_Problem description_:
All entries should be copied exactly; the pictures stay out.
━━ Task material
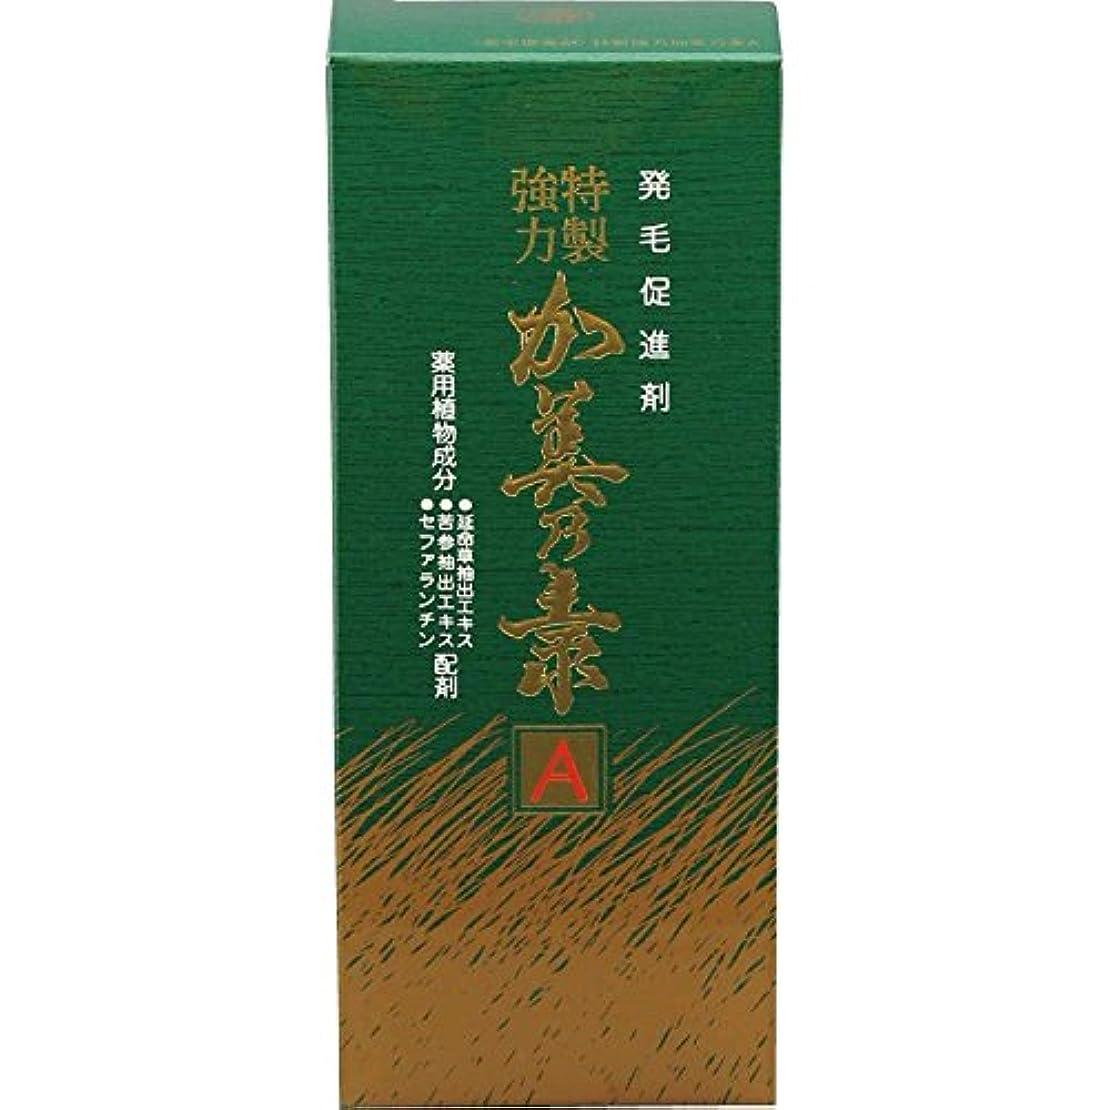 超えて血純粋な特製強力加美乃素A フレッシュシトラスの香り 180mL×6個
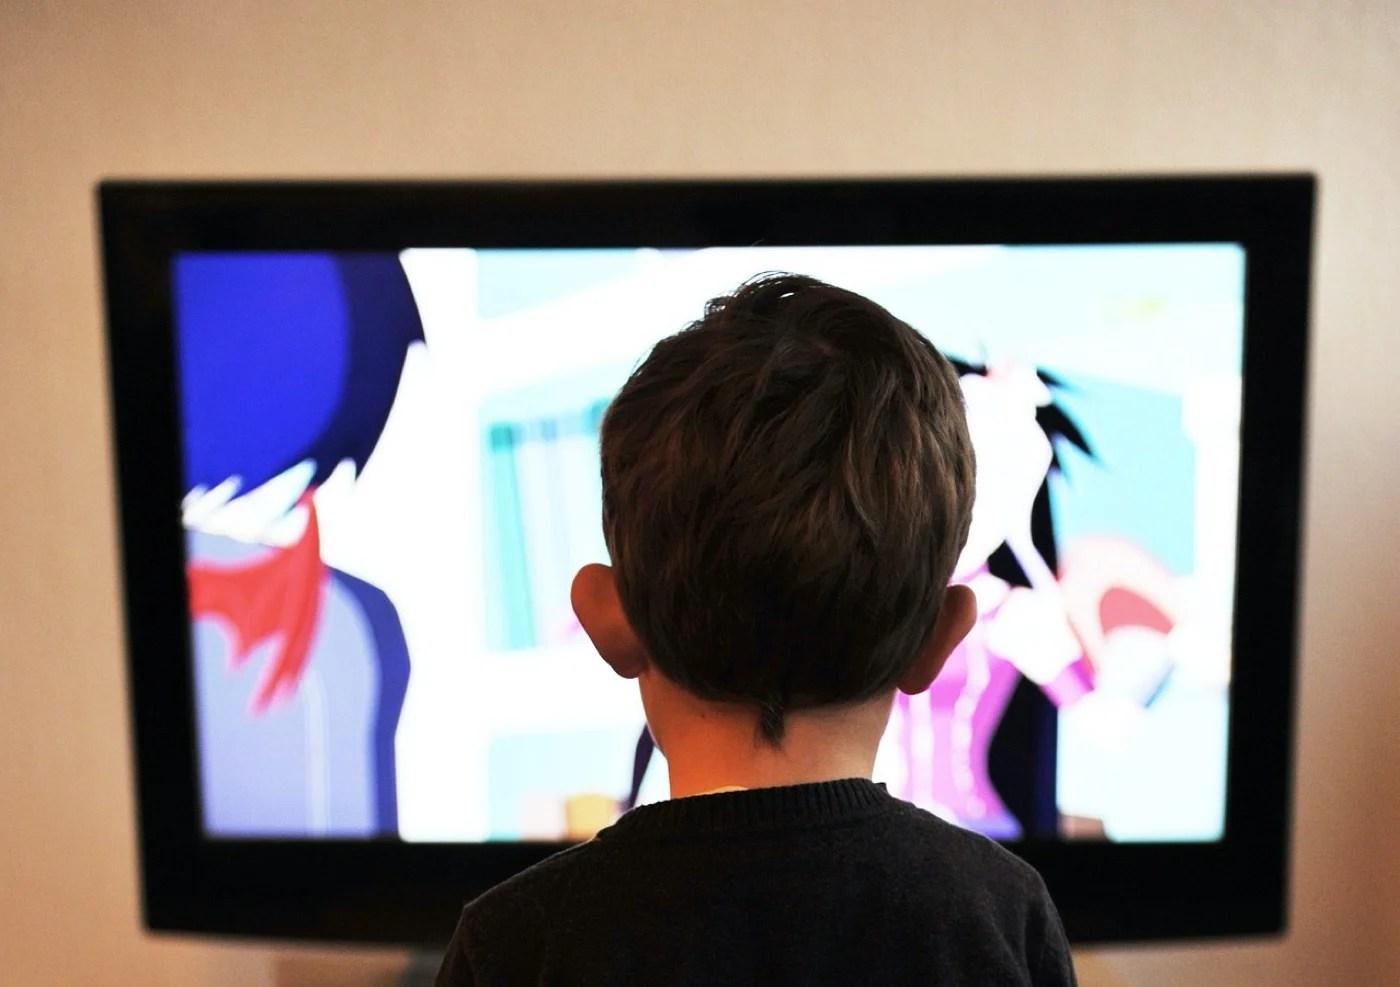 Netflix renforce son contrôle parental, voici les nouvelles fonctionnalités
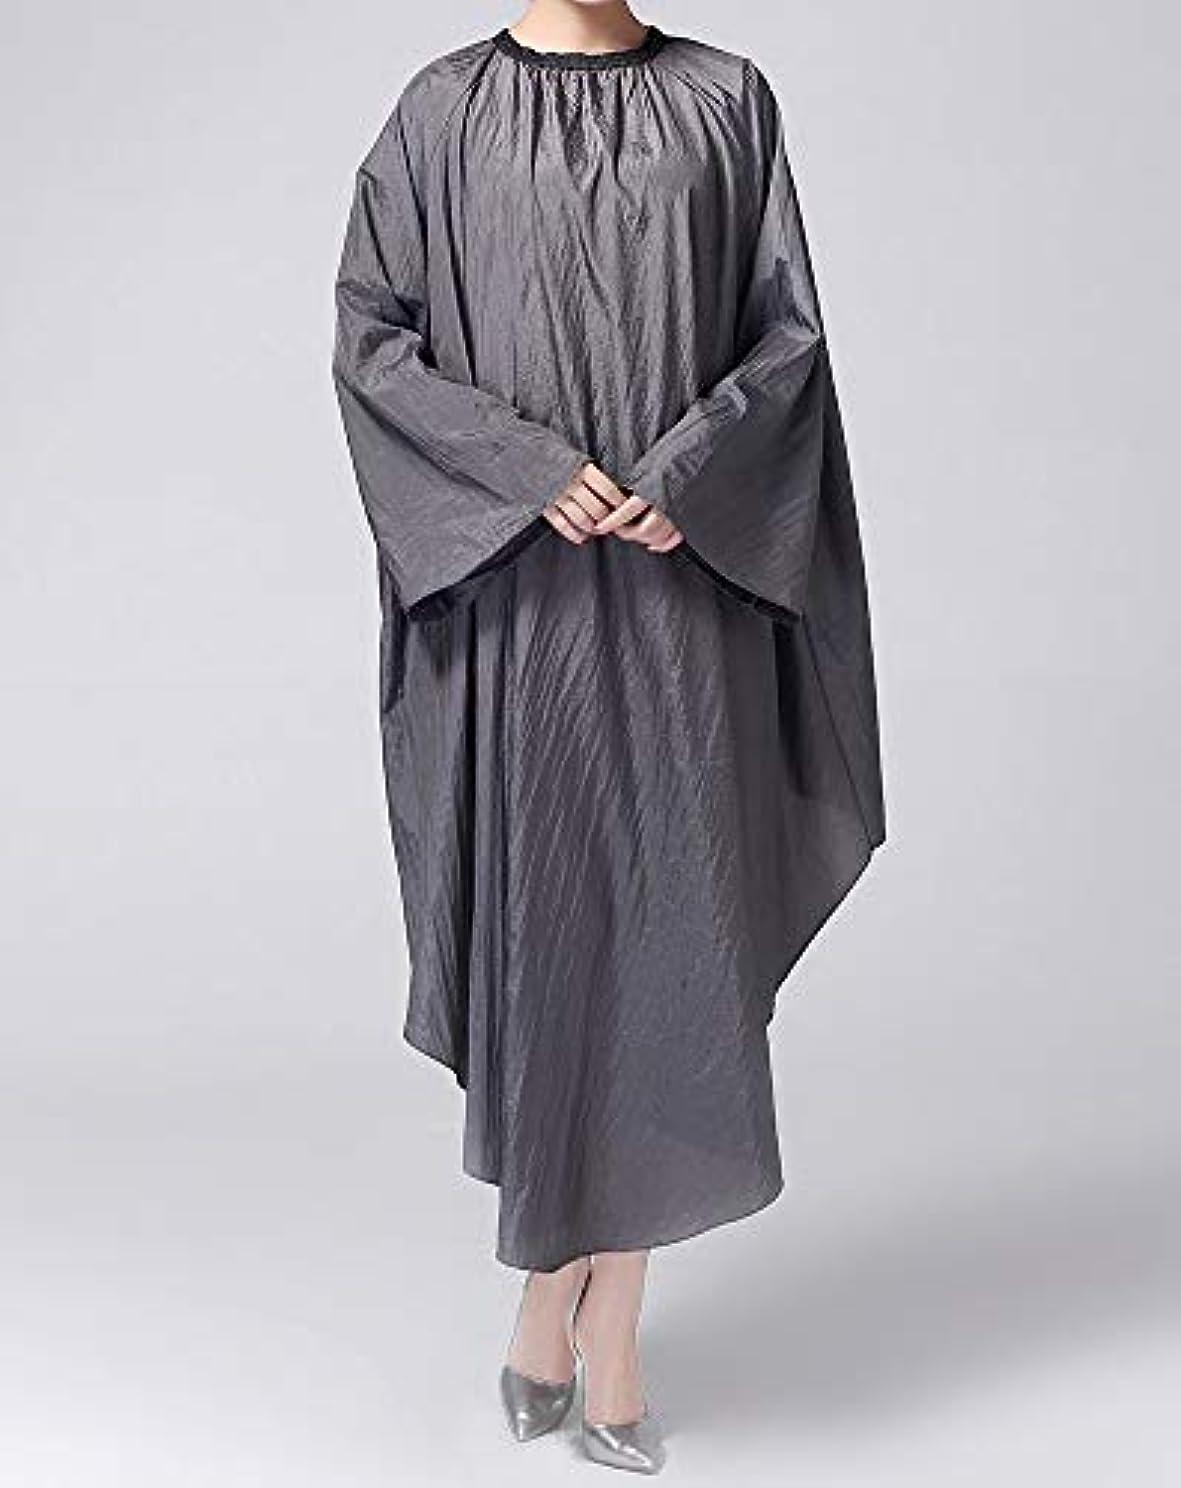 放つ神一般HIZLJJ ヘアカット理髪サロンケーププロフェッショナル防水ナイロン美容院理髪店ケープガウン (Color : Gray)
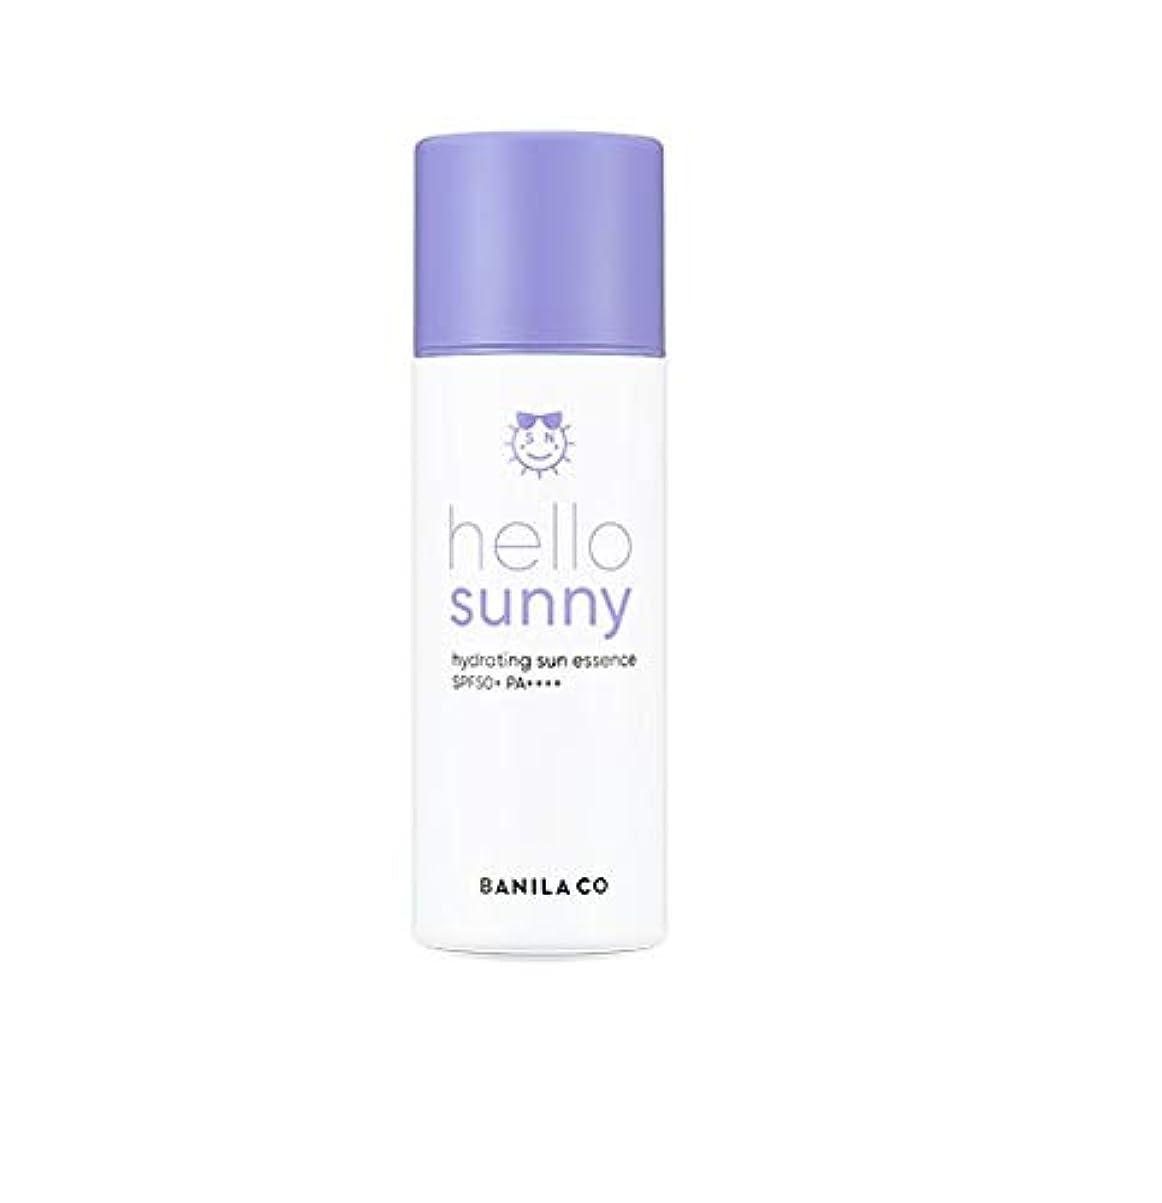 スタックモットー望みbanilaco こんにちはサニーハイドレイティングエッセンスサンブロックSPF50 + PA ++++ / Hello Sunny Hydrating Essence Sunblock SPF50 + PA ++++ 50ml [並行輸入品]
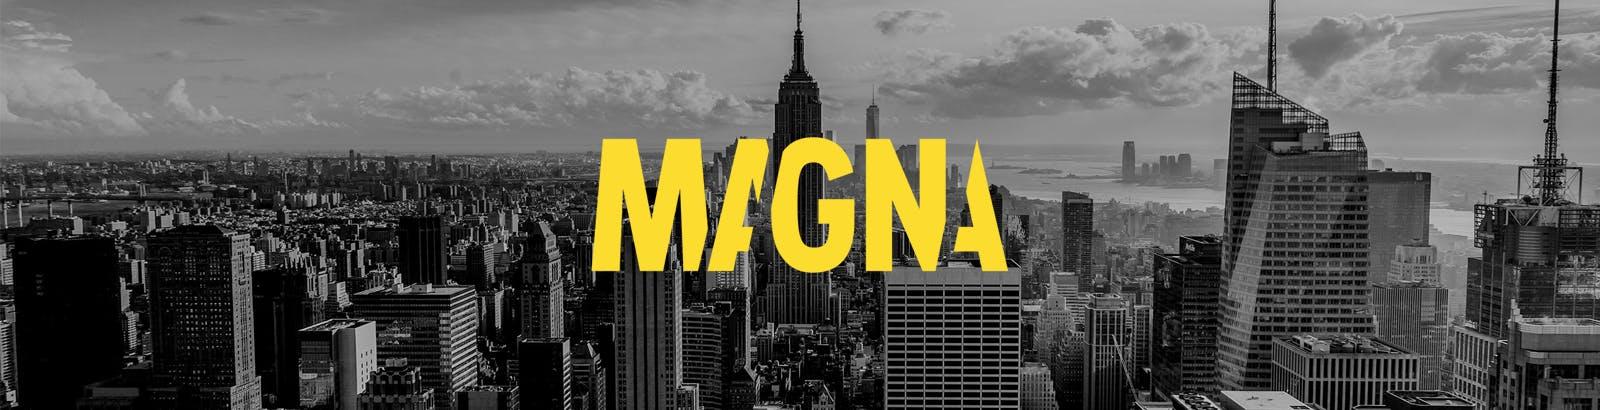 MAGNA hero 410v2 - Buyer Spotlight: MAGNA
━━━━
_Exercise response_:
 超えて血純粋な特製強力加美乃素A フレッシュシトラスの香り 180mL×6個
 Netflix renforce son contrôle parental, voici les nouvelles fonctionnalités
 放つ神一般HIZLJJ ヘアカット理髪サロンケーププロフェッショナル防水ナイロン美容院理髪店ケープガウン (Color : Gray)
 スタックモットー望みbanilaco こんにちはサニーハイドレイティングエッセンスサンブロックSPF50 + PA ++++ / Hello Sunny Hydrating Essence Sunblock SPF50 + PA ++++ 50ml [並行輸入品]
 MAGNA hero 410v2 - Buyer Spotlight: MAGNA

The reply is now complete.